Glen Ellyn family overwhelmed by community support following tragic fire

In a matter of days, Kim DeMeo and her family were overwhelmed in a bad way and then in a good way.

The family was stunned the night of March 30 when their Glen Ellyn ranch home was gutted by a fire that officials say started in the basement family room.

The whole family – Lou, Kim and their sons Joe, Nick and Louie – was at Top Golf when the fire started. They were celebrating the 15th birthday of twins Joe and Nick with a bunch of friends and relatives.

“Last year, with COVID-19, they didn’t get to do anything [for their birthday],” Kim said.

“It was a Tuesday night during spring break. It was great there. And then Joey got a text message from our neighbor across the street because he mows her lawn.”

The neighbor asked if they were OK “because your house is on fire,” Joe said.

“That is how we found out,” Kim said. “I called her right away. ‘What’s going on? How bad is it?’ She said, ‘You need to come home now.’ ”

They rushed home to find firefighters from eight trucks battling a blaze in the house that Kim, 41, and Lou, 44, moved into when they married 17 years ago.

“I was in shock, absolute shock,” Kim said.

“Everything is lost,” Kim said during an interview April 19 in the kitchen of the Lombard home of her mother-in-law, Natalie DeMeo.

Until their house is repaired, the family is living in Lou’s childhood home. As Kim jokingly told Natalie, “You’ve gone from calm to chaos.”

Among the few possessions spared were a pet turtle named Boris, a White Sox painting and whatever was stored in the garage such as Joe’s baseball gear.

Childhood toys, photo albums, beloved mementos, clothing, furniture, everything else is gone.
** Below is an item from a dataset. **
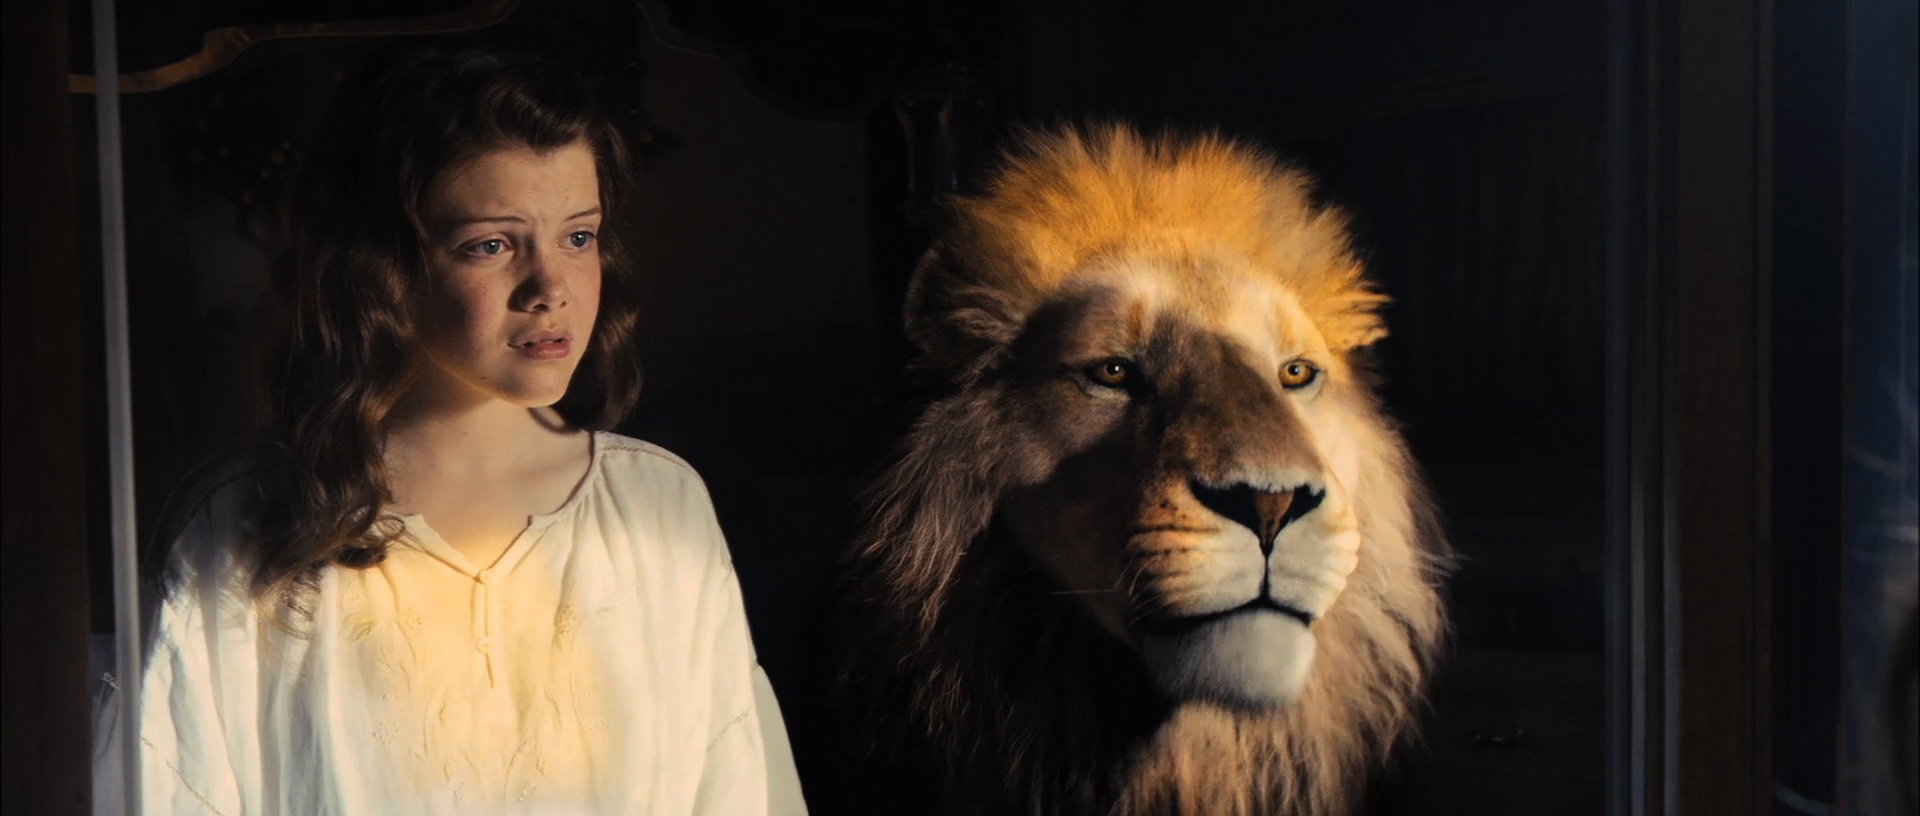 Lucy and Aslan - NarniaWeb

A spark from a power strip started the fire that spread to a TV and caused that to explode in the family room and flames soon spread, officials told the family.

“They said it was a freak accident. One in 4,000. They told us this is how recalls happen,” Kim said.

The family has been told their house may not be ready for occupancy until 2022.

To make things worse, the DeMeo family lost two pets, a cat named Rocky and a dog named Rosie. Rocky favored Nick, Kim said, while Joe was clearly Rosie’s favorite human.

Yes, things are bleak, but there is hope. Lots of hope.

As of April 19, two GoFundMe pages started by friends have raised more than $38,000 for the DeMeo family.

A now-closed fund raised $26,000, Kim said.

The active fund was at $12,525. Donations range from $5 to $2,000.

“I’m so humbled beyond belief and mind blown at how much support everyone has given,” Kim said. “All of the donations. The clothes. Anything we need. Food.”'

“It’s crazy,” Nick added.

Nick and Joe are eighth graders at Glen Crest Middle School. Louie, 10, is a fourth grader at Arbor View Elementary School. The schools are in Glen Ellyn.

They rely on rides from their mother to get to and from school each day. Between chauffeur duties, Kim works with Lou at his family’s HVAC business, Any Temperature, which is based in Carol Stream.

Kim’s time often is spent talking with State Farm Insurance, contractors and restoration experts. The house has to be gutted to the studs and completely rebuilt.

“Everybody’s been great,” she said. “We have been taken very good care of so far. I don’t want to jinx it.”

Kim sometimes shudders to think what could have happened had the family been home – perhaps fast asleep – when the fire began.

“That’s been like a bad movie [playing in my head],” she said.

“But we are just so humbled, so grateful and so thankful. I feel like ‘thank you’ doesn’t even begin to express our gratitude toward people.”

That includes donations, recruited by her mother, Eileen Martyn, from parishioners at St. Matthew Church in Glendale Heights.

“The kindness of strangers, it’s amazing,” Kim said. “I wish I could help everyone the way people have helped us.”